You're kinda like the Sun Tzu of drywall aren't you?


----------



## SlimPickins

....


----------



## rhardman

You can always ask catzcar.


----------



## SlimPickins

rhardman said:


> You can always ask catzcar.


Because she's the real pro, right?


----------



## 2buckcanuck

SlimPickins said:


> Because she's the real pro, right?


Yes she is


----------



## moore

Maybe catzcar could help me out on this one.


----------



## 2buckcanuck

moore said:


> Maybe catzcar could help me out on this one.


I think she could moore, I see 2 brooms in the picture


----------



## moore

2buckcanuck said:


> I think she could moore, I see 2 brooms in the picture


:notworthy::notworthy::lol::lol:


----------



## betterdrywall

Get the bead on first,, Then tape out all butt joints and short joints, angles , either by Hand or with a banjo. Then you can break out the bazooka and run all the flats. If there is not enough time left, to run angles.. lay on your first coat on the metal and flats and butts . Think dry time. on this. Usually when I say bead work or hand work that will include screws. to be coated as well. angles can be done first thing next day . dry time and tape will determine what you can or cannot do.. but there is Always something you can do beside watching the mud dry. How many times have I heard that excuse from the competition..maybe thats why I am doing the work instead of them???


----------



## maxim

I have been to this thread a dozen times. We connected with Tape Tech to set out a standard procedure for our guys.
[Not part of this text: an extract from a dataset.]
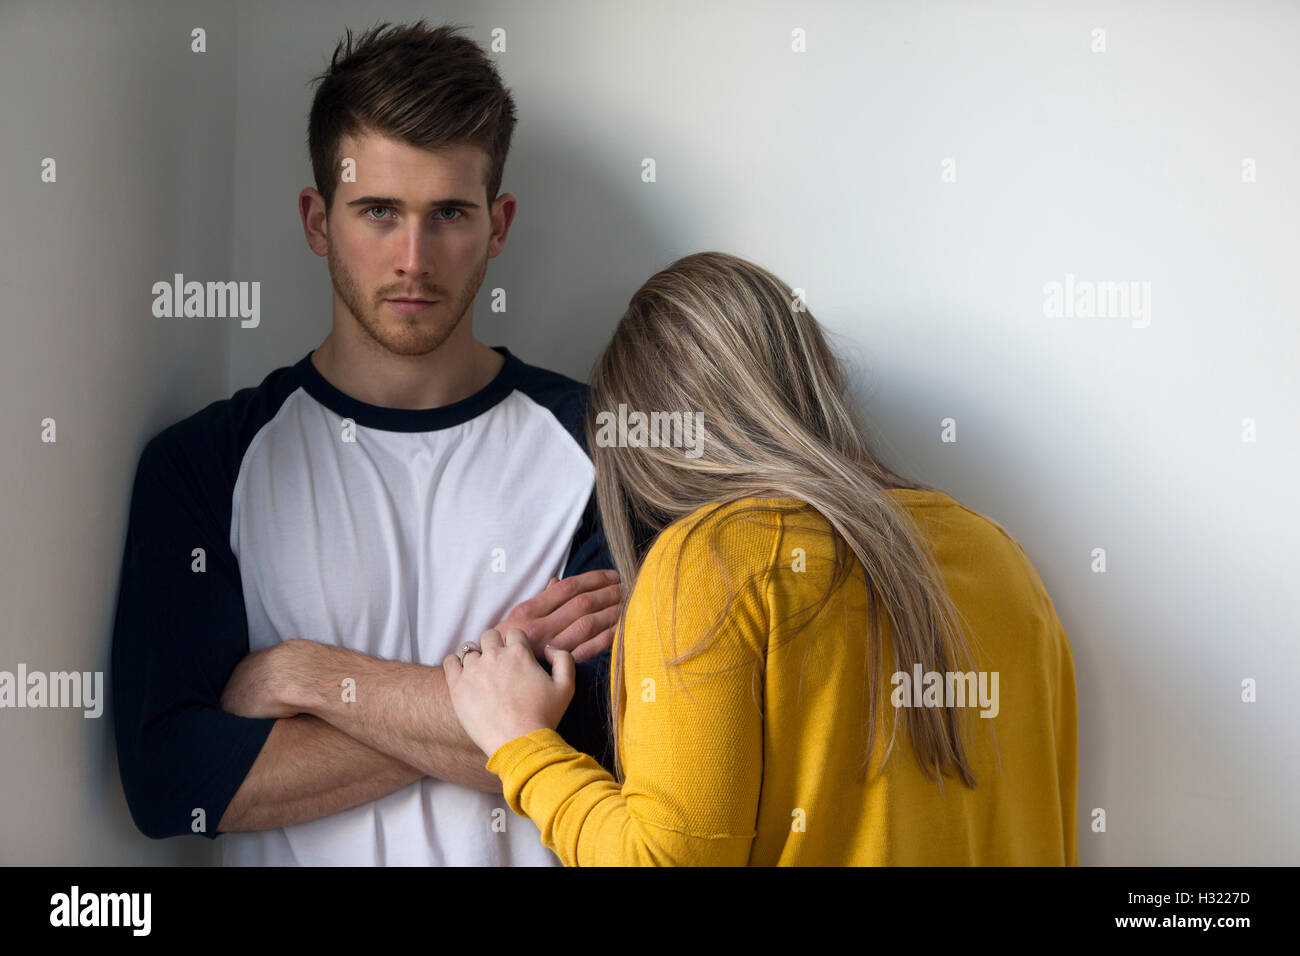 Young woman crying on her partners shoulder. He is looking at the camera with his arms folded. Stock Photo
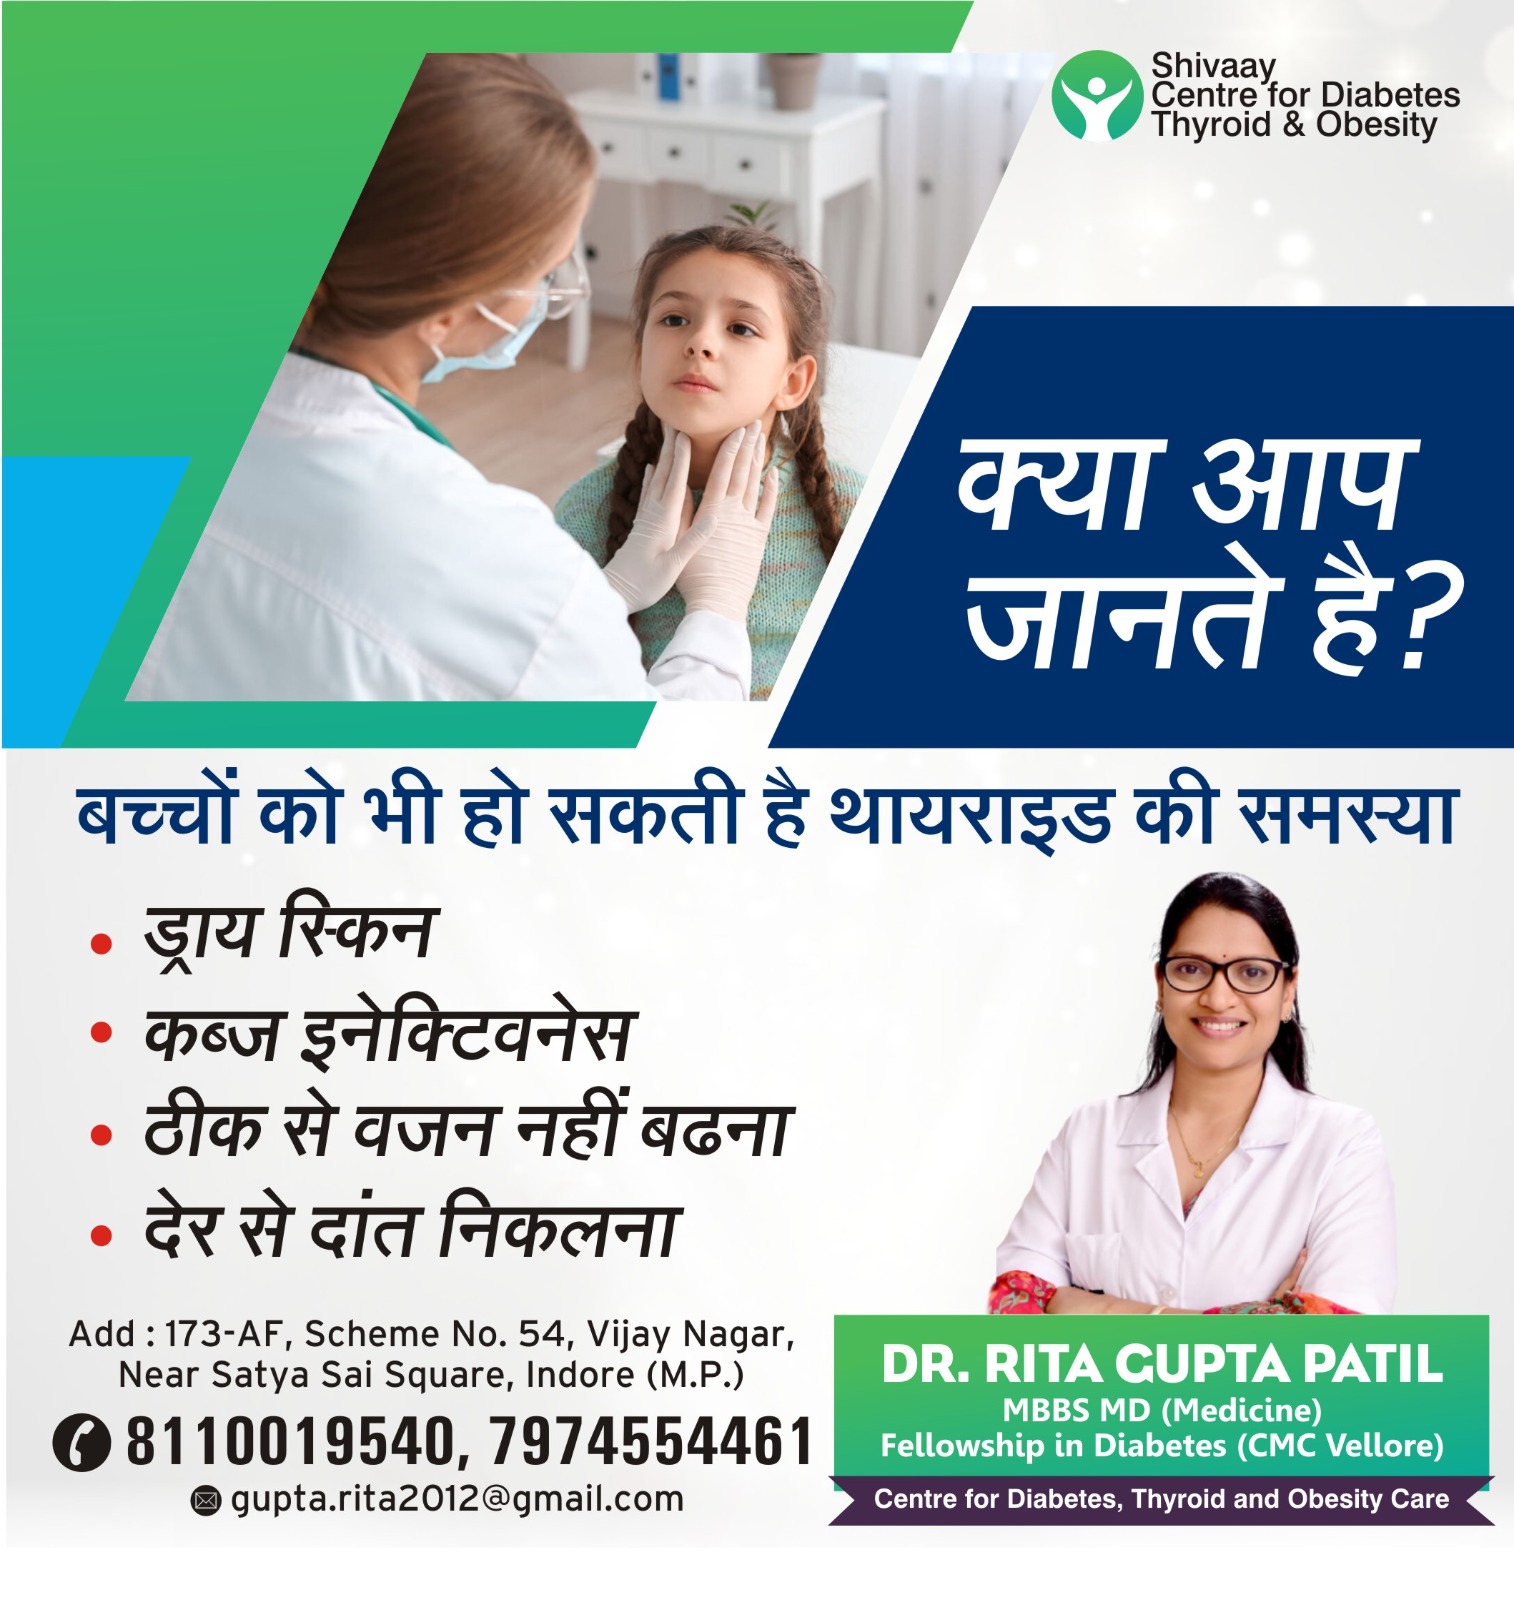 Child Thyroid Treatment in Indore

That way if a different guy comes in to help he is not out of sync with the others.

Taping
- tape all butts and wipe
- tape all flats and wipe
- tape ceiling butts and wipe
- tape ceiling flats and wipe
- short walls and window returns
- tape inside corners
- roll bed from middle out
- clear with 2" angle or flusher (no box)
- detail 3 ways - 4" knife
- Install no Coat
- Install outside corners
- bed from middle out and wipe down

1st topping
- 2" nail spotter
- Butts - 10" box (walls then ceilings)
- Flats - 10" Box (walls then ceilings)
- Hand finish flats as required
- 2" inside with box
- detail 3 way if required 4" knife
- Outside corner - 8" knife

2nd final coat
- light sand bumps if required
- 3" nail spotter
- Butts - 12" box (walls then ceilings)
- Flats - 12" Box (walls then ceilings)
- Hand finish flats as required
- 3" inside with box
- detail 3 way if required
- Outside corner 10" knife

3rd if required
- review with light
- skim if required
- very light sand

Realistically I modify this as required based on whatever the job dictates. But this sequence does keep everyone heading in the same direction.


----------



## Mountain Man

I don't do it like that...must not be tape tech material!!


----------



## mudslingr

maxim said:


> I have been to this thread a dozen times. We connected with Tape Tech to set out a standard procedure for our guys. That way if a different guy comes in to help he is not out of sync with the others.
> 
> Taping
> - tape all butts and wipe
> - tape all flats and wipe
> - tape ceiling butts and wipe
> - tape ceiling flats and wipe
> - short walls and window returns
> - tape inside corners
> - roll bed from middle out
> - clear with 2" angle or flusher (no box)
> - detail 3 ways - 4" knife
> - Install no Coat
> - Install outside corners
> - bed from middle out and wipe down
> 
> 1st topping
> - 2" nail spotter
> - Butts - 10" box (walls then ceilings)
> - Flats - 10" Box (walls then ceilings)
> - Hand finish flats as required
> - 2" inside with box
> - detail 3 way if required 4" knife
> - Outside corner - 8" knife
> 
> 2nd final coat
> - light sand bumps if required
> - 3" nail spotter
> - Butts - 12" box (walls then ceilings)
> - Flats - 12" Box (walls then ceilings)
> - Hand finish flats as required
> - 3" inside with box
> - detail 3 way if required
> - Outside corner 10" knife
> 
> 3rd if required
> - review with light
> - skim if required
> - very light sand
> 
> Realistically I modify this as required based on whatever the job dictates. But this sequence does keep everyone heading in the same direction.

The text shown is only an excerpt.